# Statistics
Statistics is the practice of collecting and analyzing data to discover findings that are useful or predict what causes those findings to happen. Probability often plays a large role in statistics, as we use data to estimate how likely an event is to happen. **Descriptive statistics** we use to summarize data. **Inferential statistics** tries to uncover attributes about a larger population, often based on a sample.

## Populations
A population is a particular group of interest we want to study, such as “all seniors over the age of 65 in the North America,” “all golden retrievers in Scotland,” or “current high school sophomores at Los Altos High School.”
Simulations can be useful but rarely are accurate, as simulations capture only so many variables and have assump‐ tions built in.

## Samples
A sample is a subset of the population that is ideally random and unbiased, which we use to infer attributes about the population. We often have to study samples because polling the entire population is not always possible.

## Bias
If we are going to infer attributes about a population based on a sample, it’s important the sample be as random as possible so we do not skew our conclusions.

# Mean
The mean is the average of a set of values. The operation is simple to do: sum the values and divide by the number of values. The mean is useful because it shows where the “center of gravity” exists for an observed set of values.
Calculating mean in Python:

In [None]:
sample = [1, 3, 2, 5, 7, 0, 2, 3]

In [None]:
mean = sum(sample) / len(sample)

In [None]:
print(mean)

2.875


It is actually a weighted average called the weighted mean. The mean we commonly use gives equal importance to each value. But we can manipulate the mean and give each item a different weight:

In [None]:
# Three exams of .20 weight each and final exam of .40 weight
sample = [90, 80, 63, 87]
weights = [.20, .20, .20, .40]

In [None]:
weighed_mean = sum(s * w for s,w in zip(sample, weights)) / sum(weights)

In [None]:
print(weighed_mean)

81.4


# Median
he median is the middlemost value in a set of ordered values. You sequentially order the values, and the median will be the centermost value.

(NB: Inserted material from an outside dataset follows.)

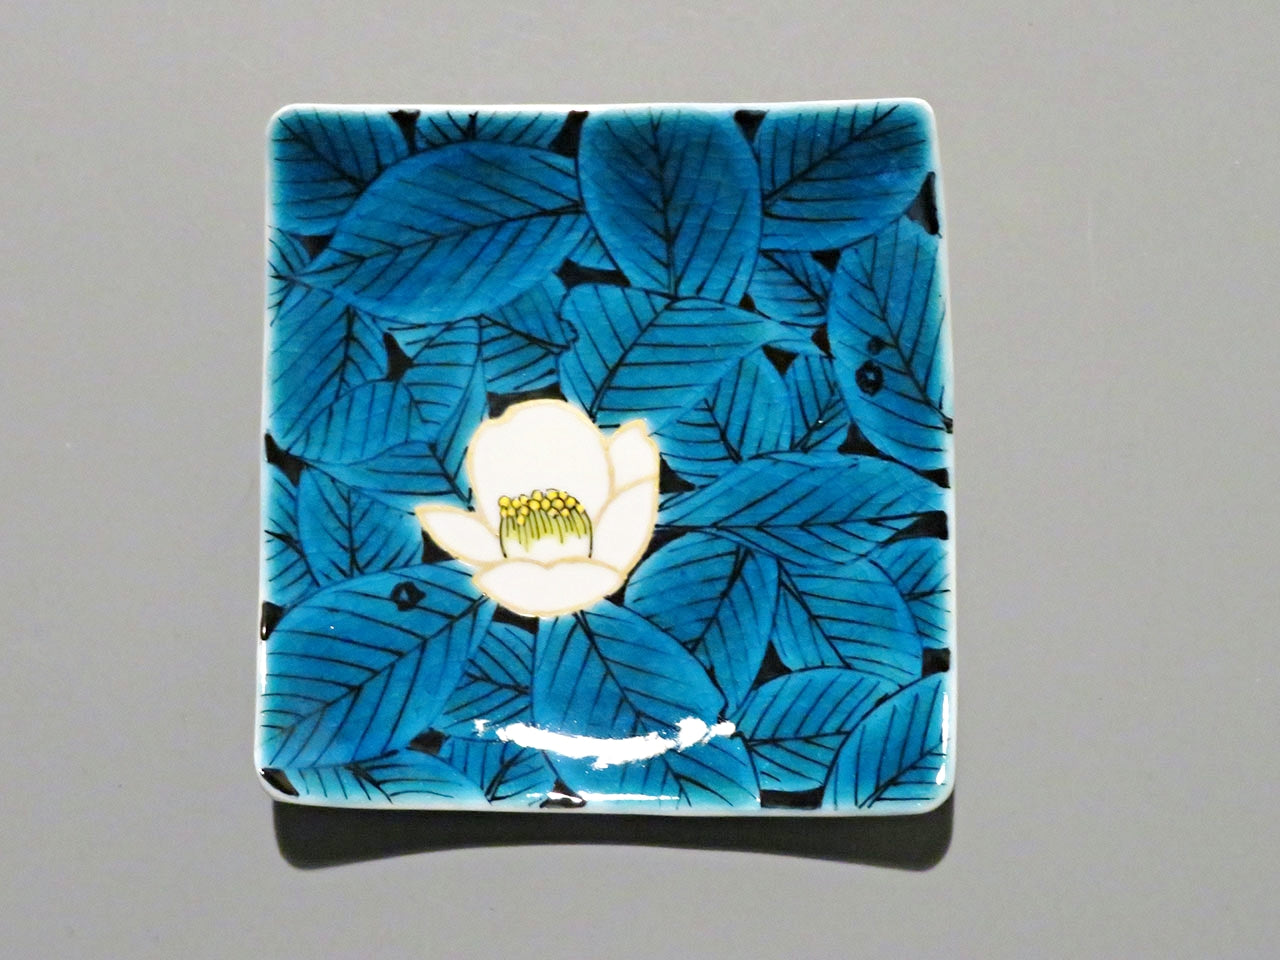 餐具 碟子套装 蓝釉花纹方形小碟 手绘 5只 山口义博 九谷烧 陶瓷器
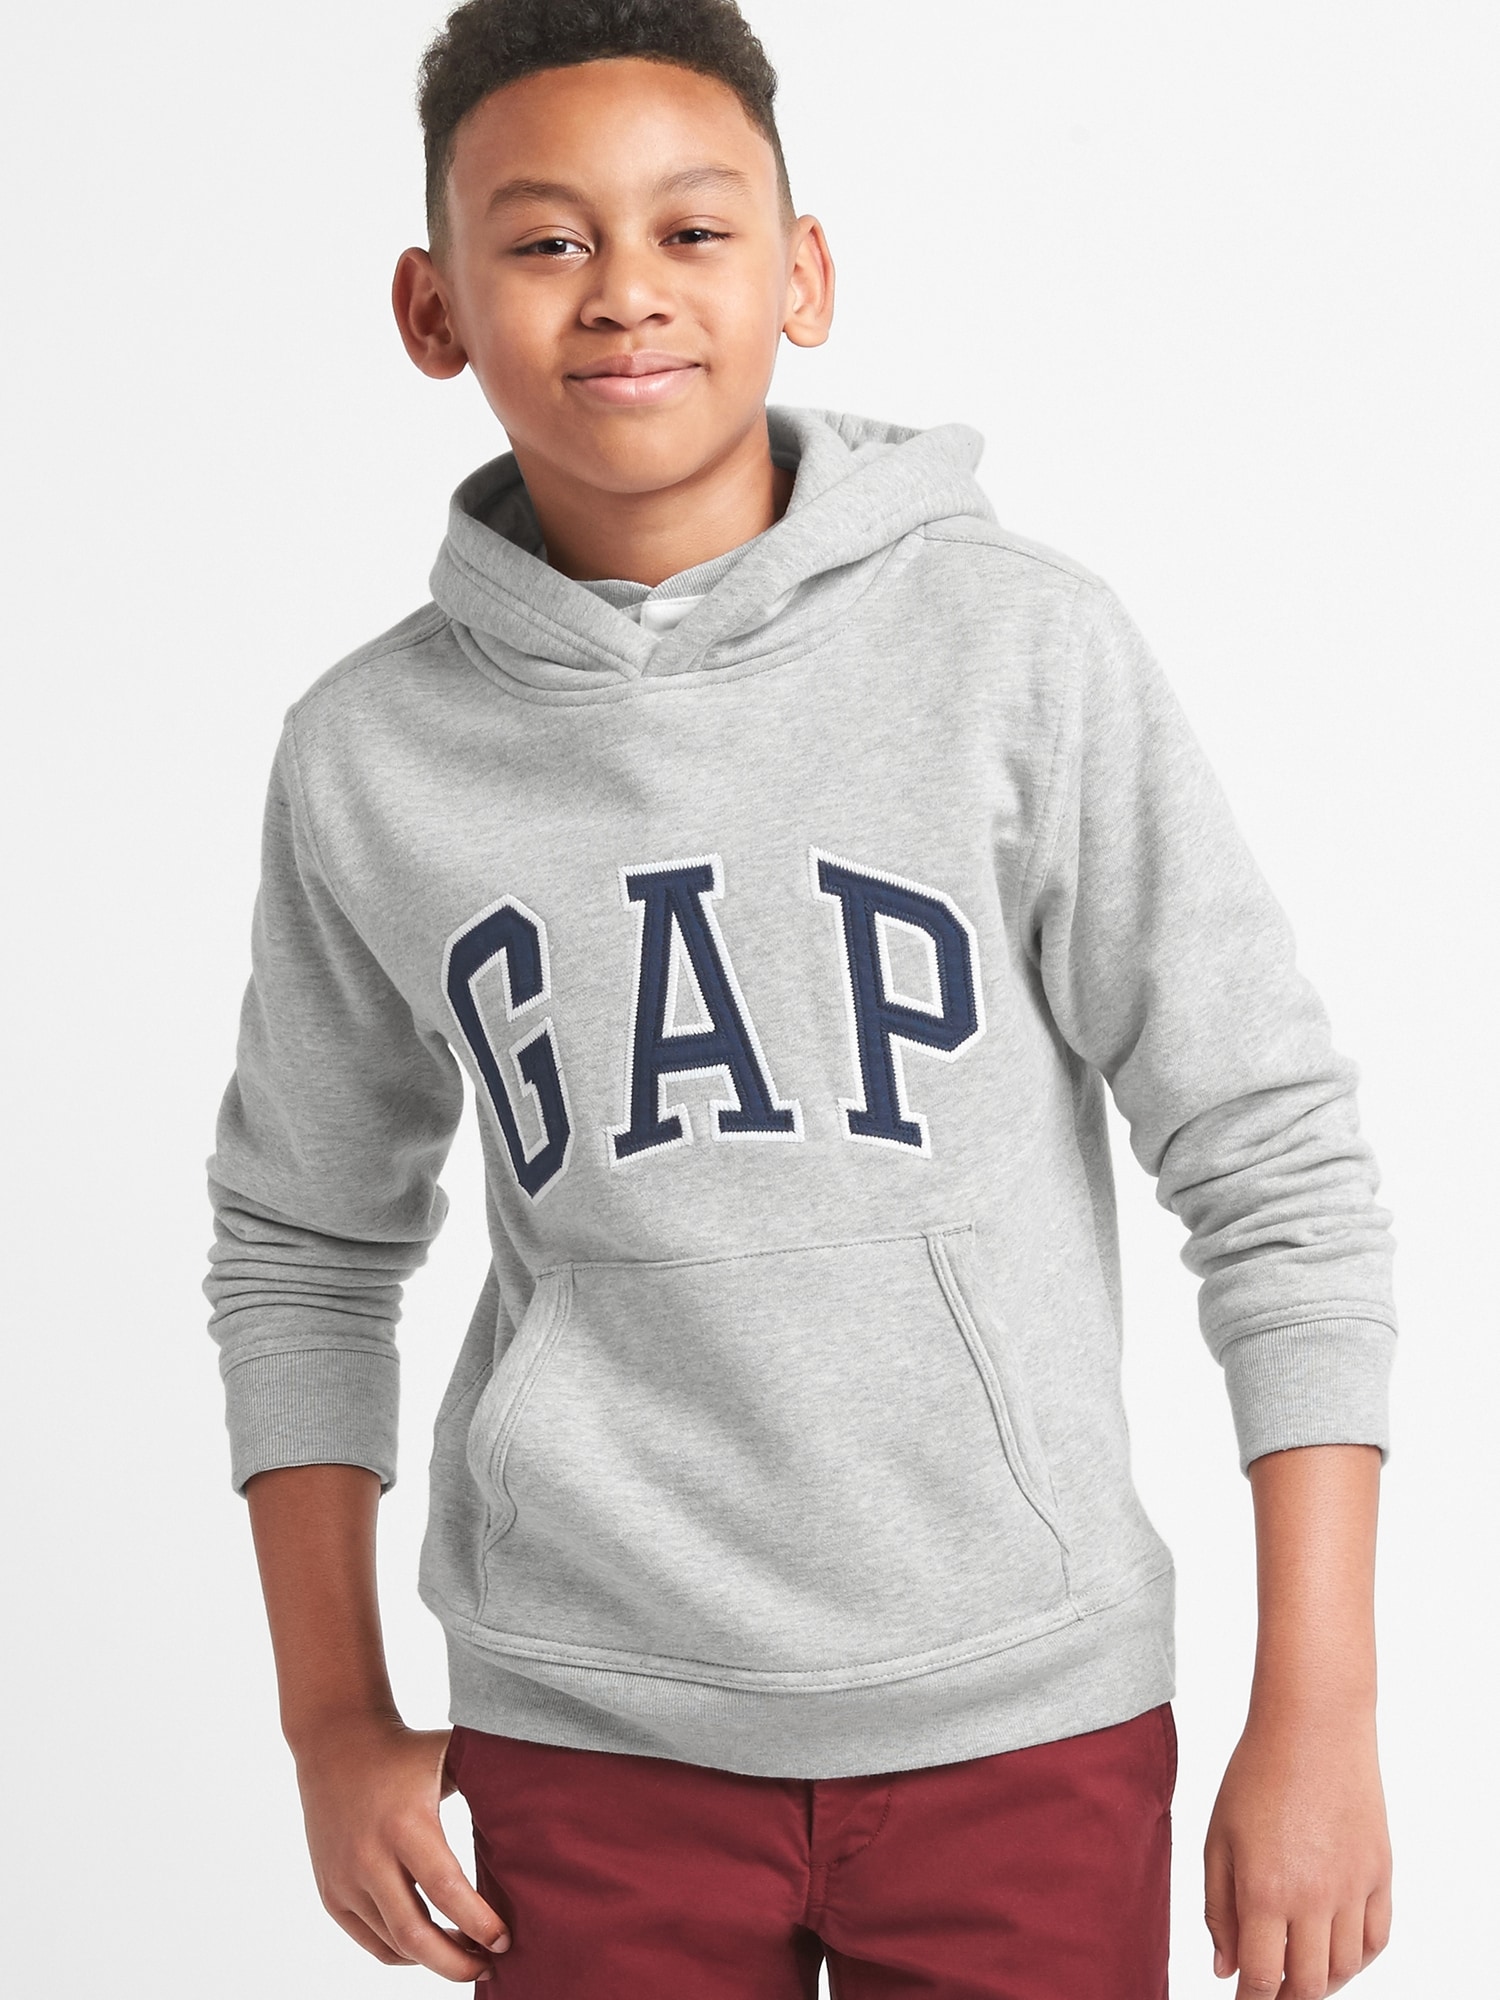 gap kids jumpers

The median can be a helpful alternative to the mean when data is skewed by outliers, or values that are extremely large and small compared to the rest of the values. Calculating the median in Python:

In [None]:
# Number of pets each person owns
sample = [0, 1, 5, 7, 9, 10, 14]

In [None]:
def median(values):
  ordered = sorted(values)
  print(ordered)
  n = len(ordered)
  mid = int(n / 2) - 1 if n % 2 == 0 else int(n / 2)
  if n % 2 == 0:
    return(ordered[mid] + ordered[mid + 1]) / 2.0
  else:
    return ordered[mid]

In [None]:
print(median(sample))

[0, 1, 5, 7, 9, 10, 14]
7


#The Median Is a Quantile
There is a concept of quantiles in descriptive statistics. The concept of quantiles is essentially the same as a median, just cutting the data in other places besides the middle. The median is actually the 50% quantile, or the value where 50% of ordered values are behind it. Then there are the 25%, 50%, and 75% quantiles, which are known as quartiles because they cut data in 25% increments.

#Mode
The mode is the most frequently occurring set of values. It primarily becomes useful when your data is repetitive and you want to find which values occur the most frequently. When no value occurs more than once, there is no mode. When two values occur with an equal amount of frequency, then the dataset is considered bimodal. Calculating the mode in Python:

In [None]:
# Number of pets each person owns
from collections import defaultdict

In [None]:
sample=[1, 3, 2, 5, 7, 0, 2, 3]

In [None]:
def mode(values):
  counts = defaultdict(lambda: 0)

  for s in values:
    counts[s] += 1

  max_count = max(counts.values())
  modes = [v for v in set(values) if counts[v] == max_count]
  return modes

In [None]:
print(mode(sample))

[2, 3]


#Variance
Variance is a measure of how spread out our data is. Calculating variance in Python:

In [None]:
# Number of pets each person owns
data = [0, 1, 5, 7, 9, 10, 14]

In [None]:
def variance(values):
  mean = sum(values) / len(values)
  _variance = sum((v - mean) ** 2 for v in values) / len(values)
  return _variance

In [None]:
print(variance(data))

21.387755102040813


The square root of the variance gives us the standard deviation:

In [None]:
from math import sqrt

In [None]:
# Number of pets each person owns
data = [0, 1, 5, 7, 9, 10, 14]

In [None]:
def variance(values):
  mean = sum(values) / len(values)
  _variance = sum((v - mean) ** 2 for v in values) / len(values)
  return _variance

In [None]:
def std_dev(values):
  return sqrt(variance(values))

In [None]:
print(std_dev(data))

4.624689730353898


When we average the squared differences, we divide by n – 1 rather than the total number of items n. We do this to decrease any bias in a sample and not underestimate the variance of the population based on our sample. By counting values short of one item in our divisor, we increase the variance and therefore capture greater uncertainty in our sample. Calculating standard deviation for a sample:

In [None]:
from math import sqrt

In [None]:
# Number of pets each person owns
data = [0, 1, 5, 7, 9, 10, 14]

In [None]:
def variance(values, is_sample: bool = False):
  mean = sum(values) / len(values)
  _variance = sum((v - mean) ** 2 for v in values) / (len(values) - (1 if is_sample else 0))
  return _variance

In [None]:
def std_dev(values, is_sample: bool = False):
  return sqrt(variance(values, is_sample))

In [None]:
print("VARIANCE = {}".format(variance(data, is_sample=True)))
print("STD DEV = {}".format(std_dev(data, is_sample=True)))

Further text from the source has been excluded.